4.4 Delegate will inform Owen James not less than seven (7) days prior to Event of: (a) any special dietary requirements; and (b) any special access needs. Delegate acknowledges and agrees that any information provided by Delegate to Owen James pursuant to this clause may be shared by Owen James with Event Contractors, as Owen James in its sole discretion deems appropriate.

4.5 Owen James will forward to Delegate, not less than seven (7) days prior to Event, the Event name, the Event date and the Event Venue details, including the Event Venue address, map, travel directions and car parking details.

 

5. Owen James’s Obligations

5.1 Owen James will use all reasonable endeavours to meet any performance dates specified or estimated timescales agreed.

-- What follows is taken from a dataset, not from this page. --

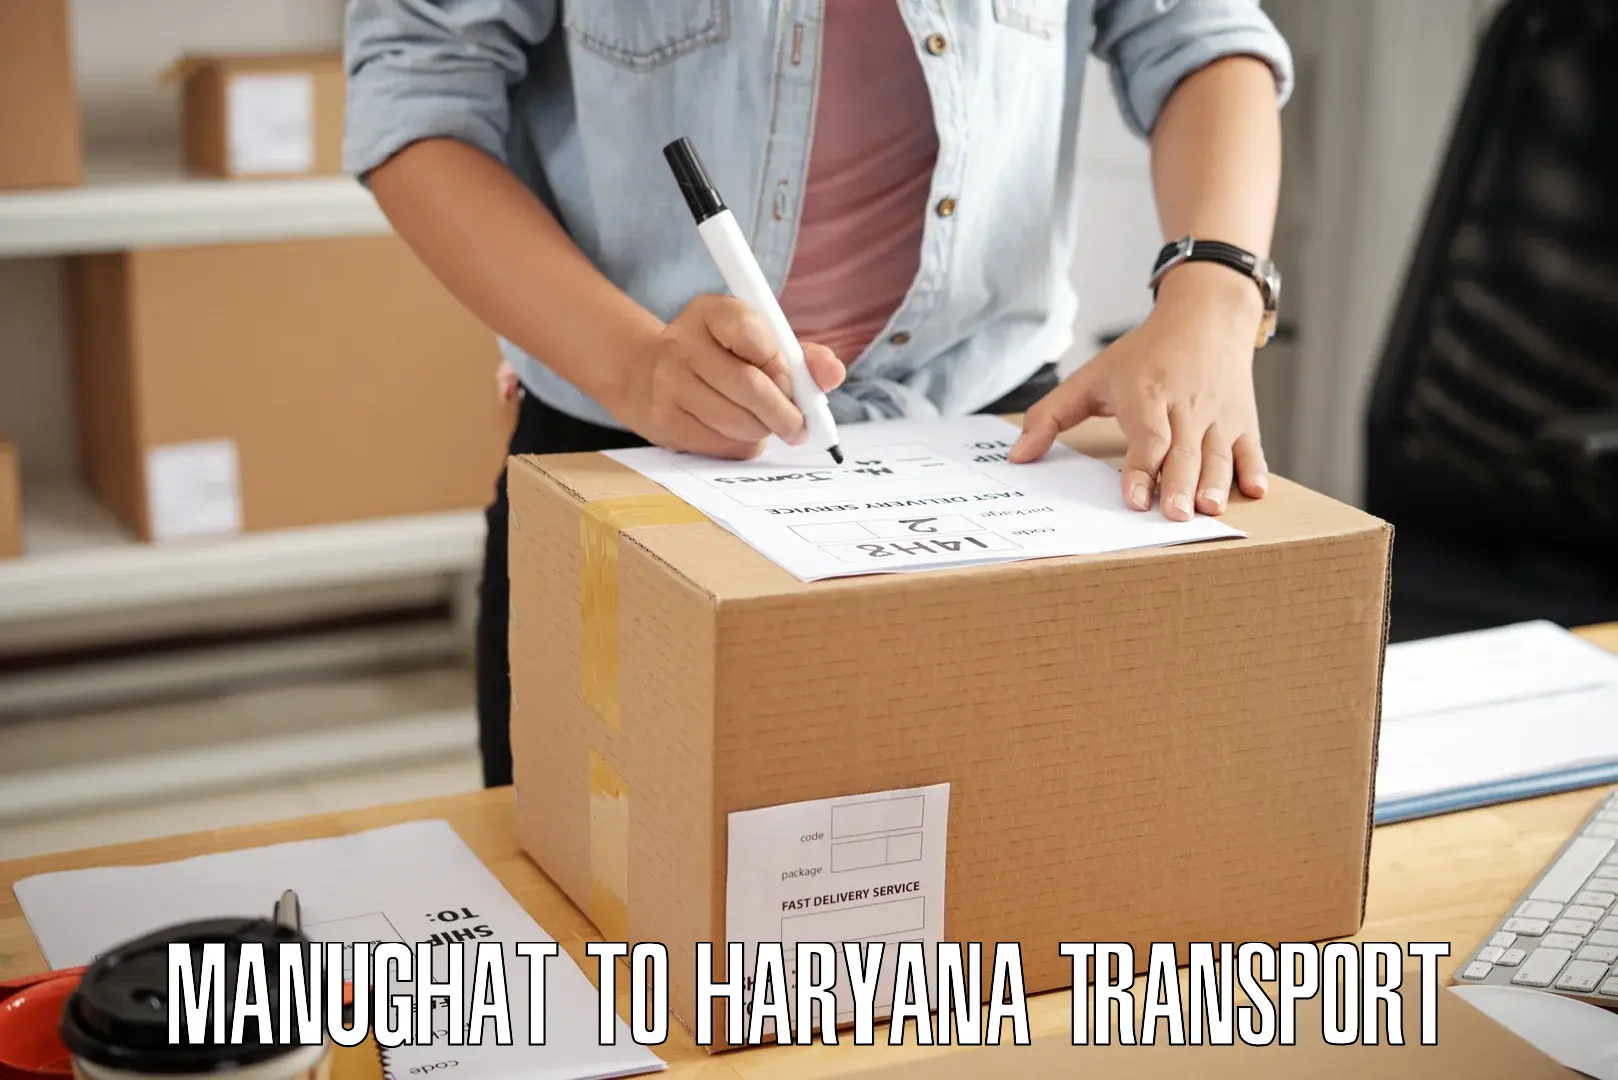 Nearby transport service Manughat to Haryana

In the event that no performance dates are so specified or estimated timescales agreed, Owen James will perform its obligations within a reasonable time.

5.2 Owen James shall provide and perform the Services in accordance with Good Industry Practice for the benefit of

5.3 Owen James warrants to Delegate that it shall use reasonable skill and care in providing the Services.

5.4 Owen James shall ensure that: (a) each of Owen James’s Representatives is suitably qualified, adequately trained and capable of providing the applicable Services in respect of which they are engaged; and (b) there is an adequate number of Owen James’s Representatives to provide the Services properly.

5.5 Owen James is not responsible for any service not expressly stipulated by Owen James as being part of the relevant Services.

5.6 Notwithstanding any other terms of this Agreement, Owen James will not be in breach of the Agreement or otherwise liable to Delegate for any failure to perform, or delay, or defect, in performing Owen James’s obligations under this Agreement, if its failure to perform or the delay or defect in performing its obligations under this Agreement arises as a result of a Force Majeure Event.

 

6. Event Format, Content, Change and Cancellation

6.1 An Event may be virtual, hybrid or in-person.

6.2 Owen James reserves the right to change the date, time, venue, format and content of the Event (each an “Event Change”) at its sole discretion and at any time prior to the date of the Event.

6.3 In the event of an Event Change, Owen James will where practicable and possible, provide Delegate with at least twenty-one (21) days’ written notice of such Event Change, prior to the date of the Event and in any event as much notice as is reasonably practicable.

6.4 Where there is an Event Change, Delegate may request in writing, by email to info@owenjamesgroup.com that an alternative person (“Alternative Delegate”) attend the Event in place of Delegate, providing: a) name; (b) company; (c) job title; (d) email address and (e) telephone number of Alternative Delegate (“Alternative Delegate Information”).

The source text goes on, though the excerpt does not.